Revisit how our teachers are trained
Dear Editor,
I am a fourth-year student attending one of Jamaica’s leading teacher-training institutions based in Mandeville. During the forced closure of the campus in March 2020 due to the novel coronavirus pandemic, we had to engage online platforms for further pedagogical deliveries.
The start of the new 2020-2021 academic year happens at a time when the novel coronavirus is in community spread, which means that our education and training will be delivered with the continued use of digital platforms.
As a student, it appears that our educators and the technocrats at the Ministry of Education have belatedly come to the realisation that the world has been redefined as a digital one, yet they continue to think in a pre-COVID-19 environment by stooping to the engagement of technology as a temporary measure. On further reflection, our education system seems disconnected from the call by the prime minister to embrace a Fourth Industrial Revolution mindset that would transform Jamaica.
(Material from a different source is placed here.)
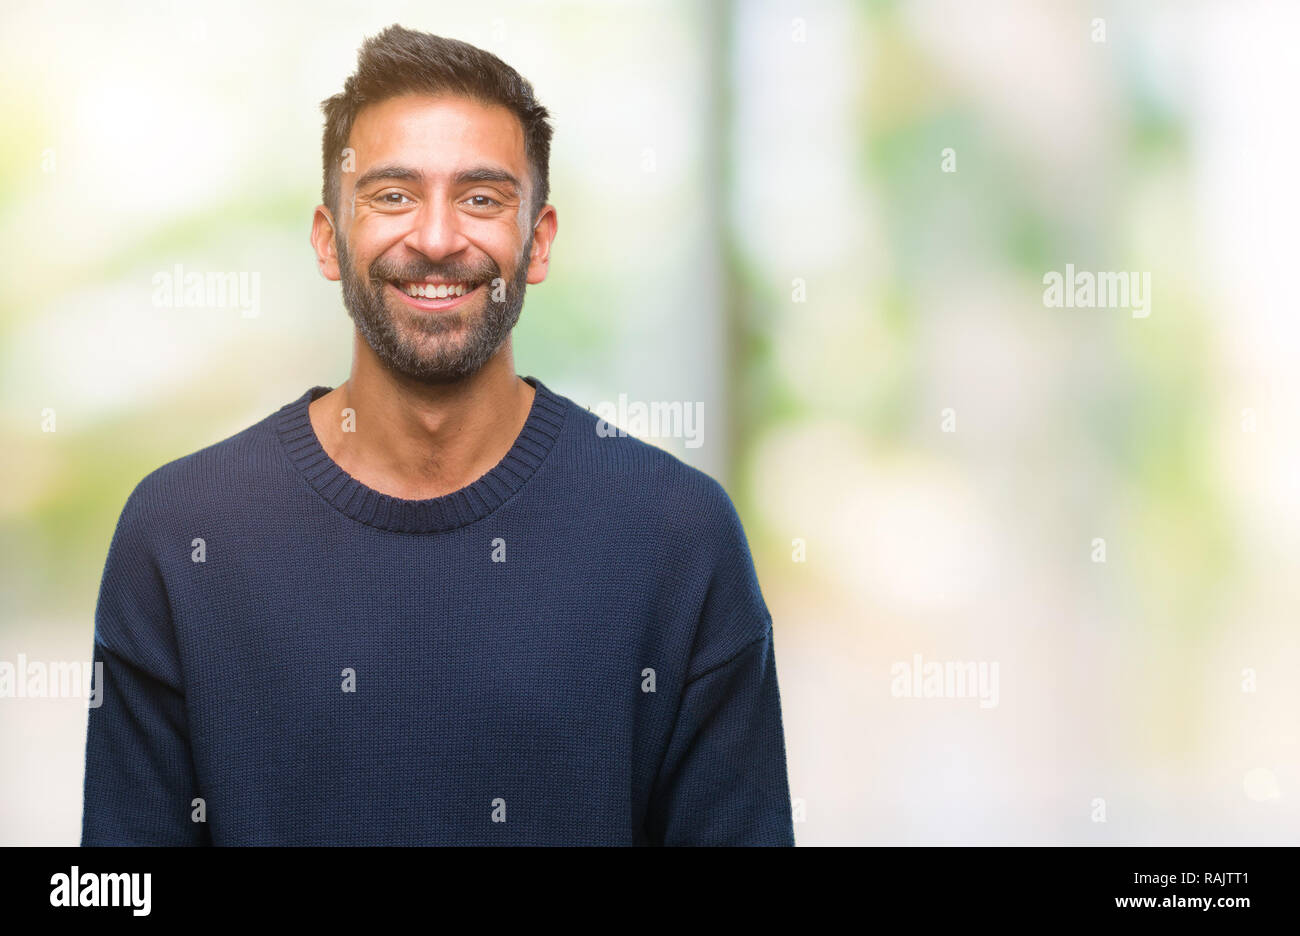 El hombre a lo largo de hispanos adultos aislados con un fondo fresco y alegre sonrisa en la cara. Persona afortunada. Foto de stock

It was therefore refreshing to read Dudley C McLean II column, ‘Time for a Fifth Industrial Revolution renaissance’ ( Jamaica Observer, October 2, 2020), in which he postulates that, “We, as a nation, need to revisit the delivery of education beginning with the early childhood level and at the primary levels, where our children can think critically in the digital environment.” Here, I would add that we should immediately revisit how our teachers are trained, especially students like myself, who will be graduating in 2021, to be effective in a world that has already changed.
It is my hope that teachers colleges of Jamaica would be the proactive catalyst for this change by re-engaging their educators in new educational leadership thinking and the acceptance that our world has changed, along with the need to facilitate the preparation of teachers, “to embrace a world informed by technological pedagogies of the Fifth Industrial Revolution”.
Most importantly, we should start as a country by elevating the teaching profession to reflect its importance to society.